ZDNET's Kerry Wan takes a photo with the Google Pixel 10 Pro camera. Sabrina Ortiz/ZDNET
Isaac Reynolds has been working on the Pixel Camera team at Google for almost a decade -- since the first Google Pixel phone launched in 2016. And yet, I think it's fair to say that he's never been more bullish about the technology that Google has integrated into a phone camera than he is with this year's Pixel 10 Pro. A new wave of AI breakthroughs in the past year have allowed Google to use Large Language Models, machine learning, and generative AI imaging to unlock new capabilities to power another meaningful leap forward in phone photography.
I got the chance to sit down with Reynolds as he was still catching his breath from the launch of the Pixel 10 phones -- and at the same time, ramping up for the next set of camera upgrades the team is preparing for the 2026 Pixel phones.

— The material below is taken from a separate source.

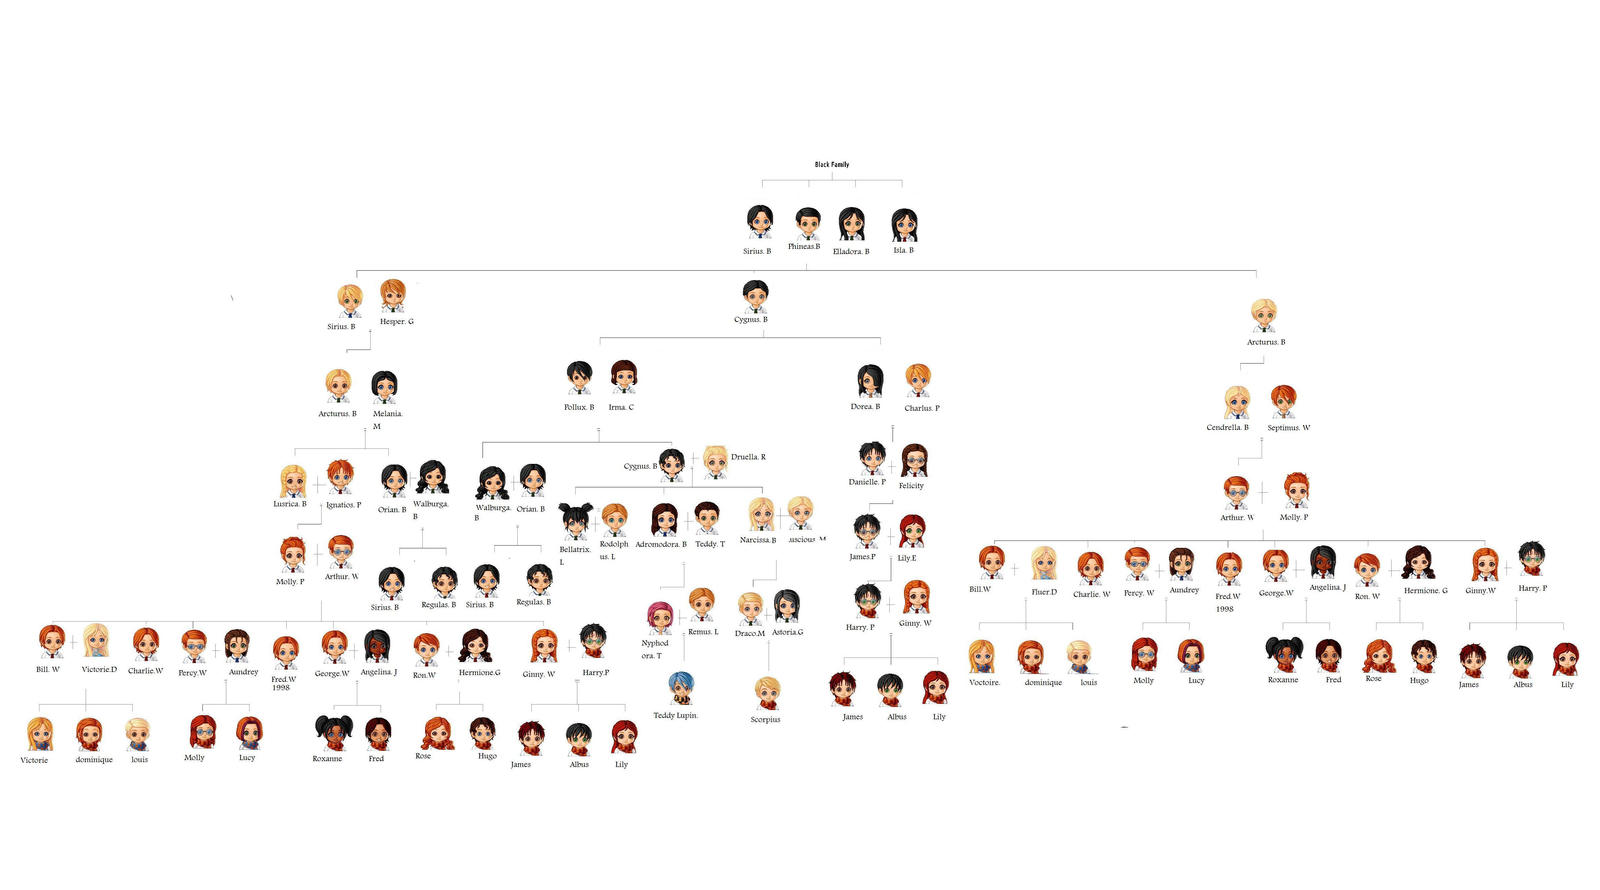 Harry Potter full family tree by Fangirl901 on DeviantArt

Also: Pixel just zoomed ahead of iPhone in the camera photography race
I peppered Reynolds with all of my burning questions about Pro Res Zoom, Conversational Editing, Camera Coach, AI models, the Tensor G5 chip, Auto Best Take and the larger ambitions of the Pixel Camera team. At the same time, he challenged me with information I didn't expect on Telephoto Panoramas, C2PA AI metadata, Guided Frame, and educating the public about AI.
I got to unpack a lot about how the Google team was able to engineer such big advances in the Pixel 10 Pro camera system, and we delved far deeper into the new photography features than Google talked about in its 2025 Made by Google event or in its published blog post.
Here's my reporter's notebook on what I learned.
Mission of the Pixel Camera team
"I think the major thing our team has always been focused on is what I call durable [photography] problems -- low light, zoom, dynamic range, and detail," said Reynolds. "And every generation [of Pixel] has brought new technologies."